Pushing students to communicate like this is also discussed in the talk and I could see the benefit of it.  In a similar way that we model writing stories for children by reading to them we should be modelling and encouraging them to be "talking maths".  How can we expect them to later write a coherent proof if they are not experienced in justifying their ideas?  In the video above the children taking part are pushing themselves by not only coming up with right answers but also having to explain them clearly.

At this point LB1 made a jump and said the answer must be £7.50 but still I held back!  This was an opportunity for LB2 to learn from him so I asked him how he had come up with that answer and he showed us this:

That is £7.50 + £2.00 + £0.50  = £10.00

LB2 looked at this idea and worked it out for ourselves and he agreed that LB1 had come up with the right answer.

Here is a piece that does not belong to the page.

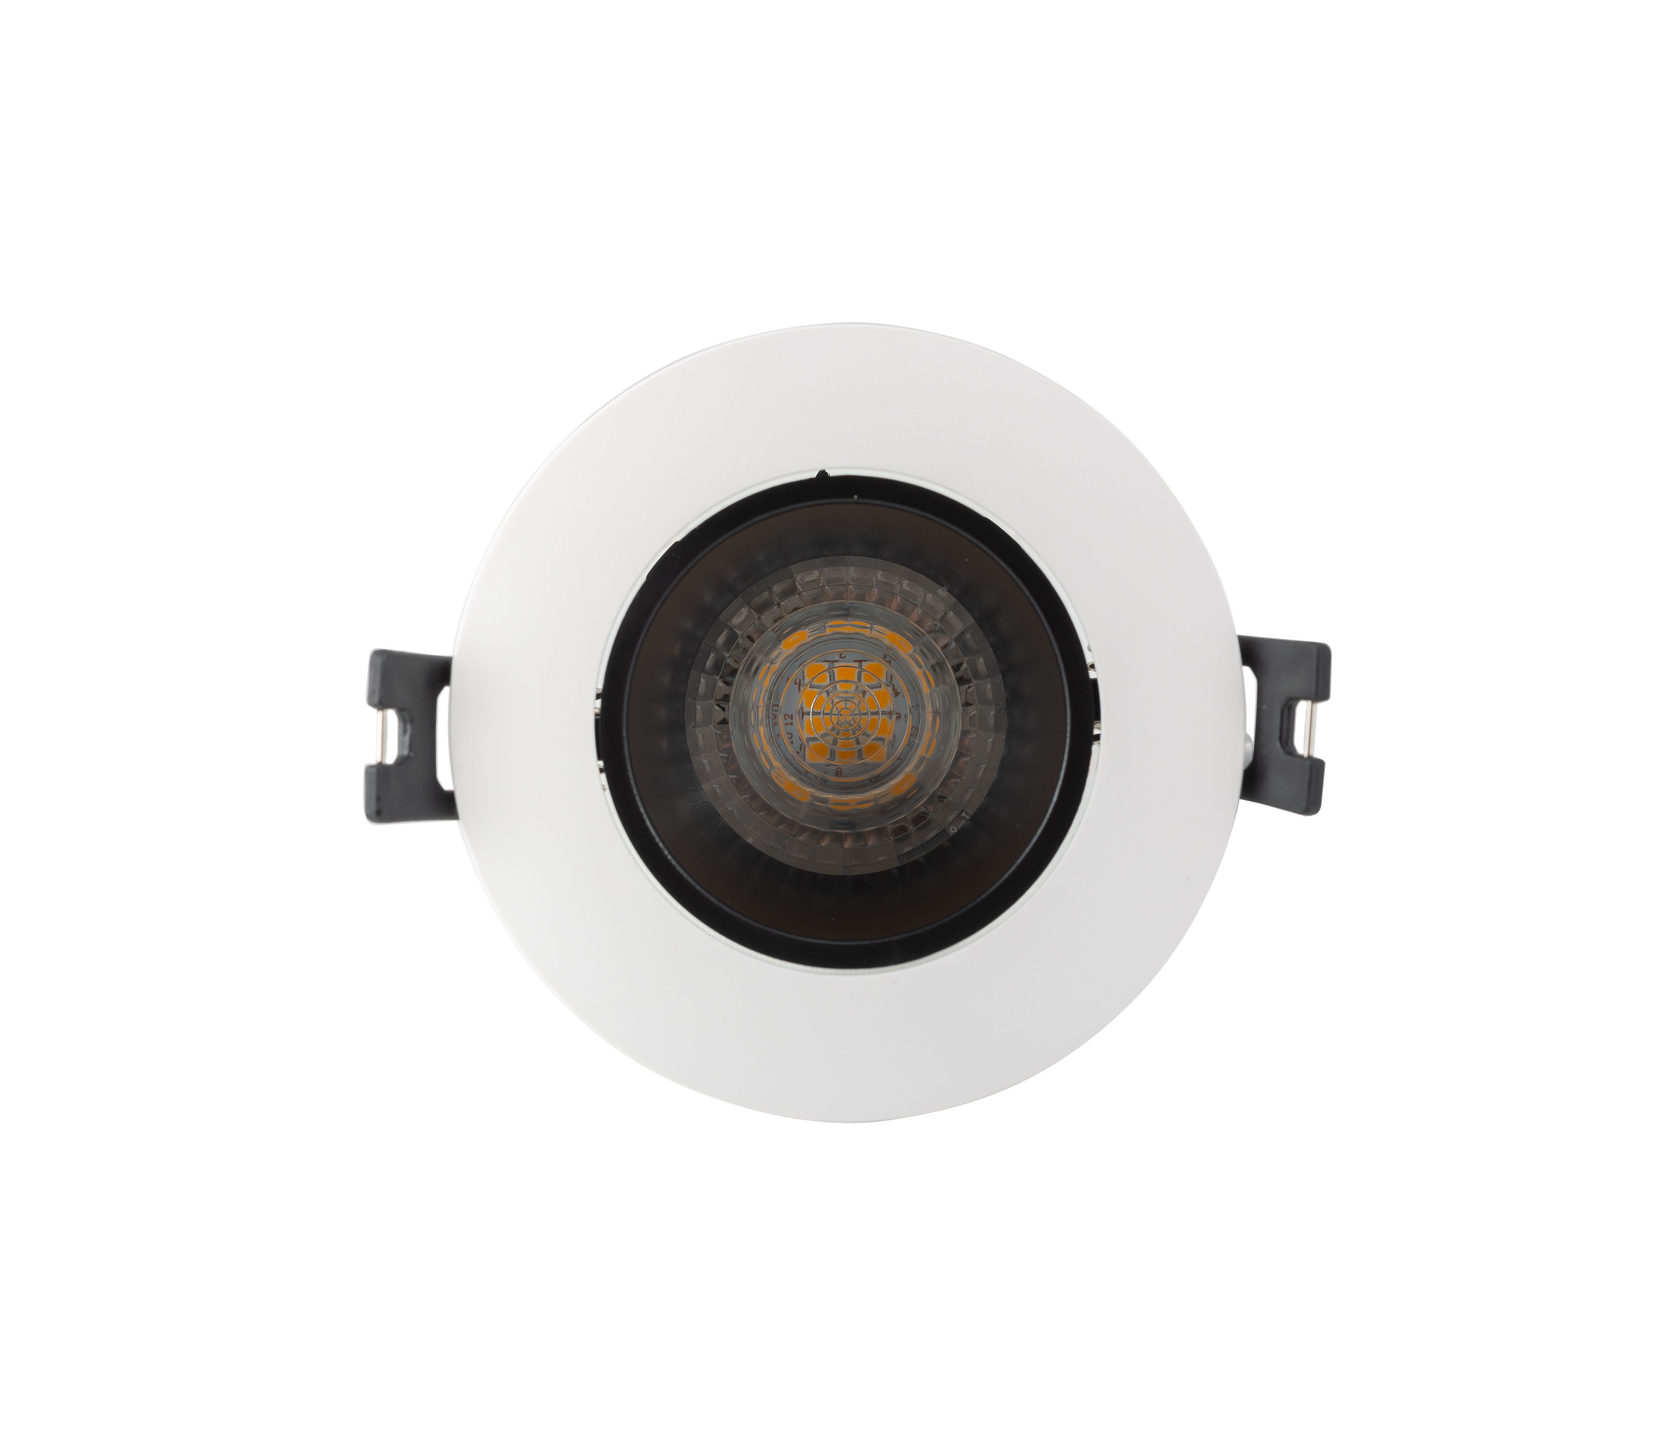 DK3020-WB Встраиваемый светильник, IP 20, 10 Вт, GU5.3, LED, белый/черный, пластик DK3020-WB
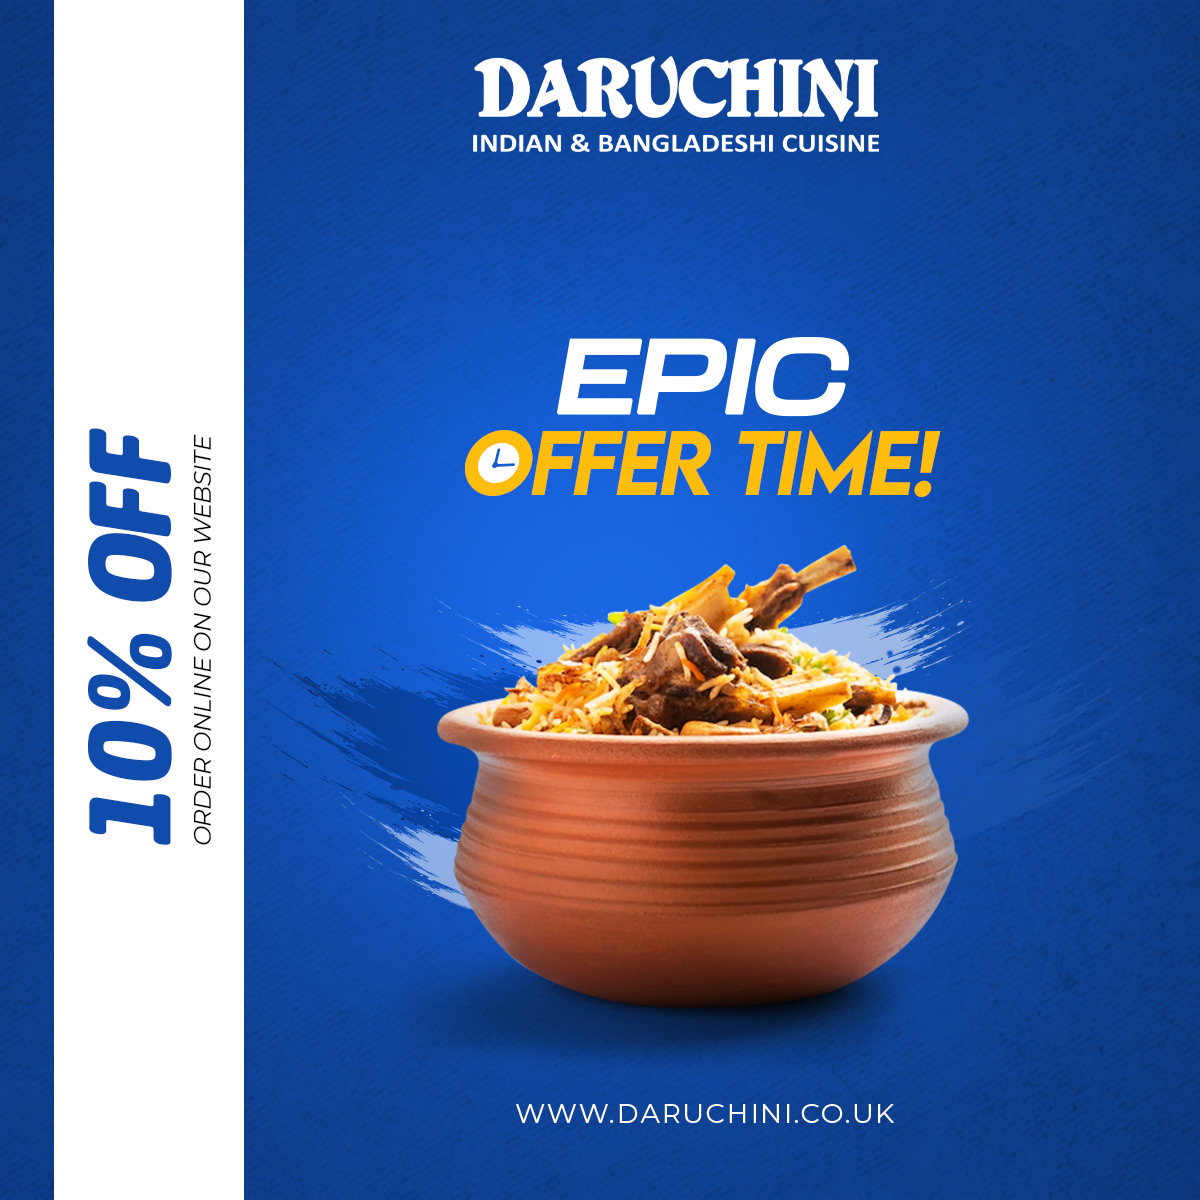 DaruChini Indian Restaurant

Well I hope you are still awake!  As I said that is just a part of the course but the key ideas are

  • encouraging mistakes and persistence
  • encouraging the students to come forward with ideas and justify them (or not)
  • explaining that maths knowledge comes from having had an opportunity to learn in the past (rather than an innate skill in maths we are born with)
  • pushing students to do the work themselves and refusing to walk them through the answer
The course also discusses (which I haven't here really) teaching and supporting a growth mindset which is really supporting the belief that you can grow and learn how to do something - as opposed to believing that if you fail it's because you never will be able to do it.  Also moving away from maths being a series of procedures that we learn (like column addition) and towards it being something that has lots of methods and that you can be creative with.

For me it was all common sense and really resonated so it was something that I did already know but just hadn't been able to articulate.  I also didn't really know what to do about it but the course has given me lots of things to try based on actual research and measurements of results.  Other key ideas are that tests are BAD!  Bad, bad, bad and no use.  We must get away from the idea that maths has a time limit and that fast = good.  Great mathematicians are not fast at all!  Also grades are BAD!  Feedback is not only more useful but encourages the recipient to improve.  And finally collaboration is GOOD!  No working on your own in silence.  Ideas, ideas and more ideas - from everyone - will improve everyone's knowledge and skill.

I hope I've given you a flavour of the course and if you're interested sign up and just watch the videos if you don't have time for the reflective practice. Perhaps this was stuff you already knew.  I'm not saying my teaching completely the opposite before this but I do think it has given me the confidence to know what to say as opposed to feeling I was fumbling around a bit - albeit with good intentions!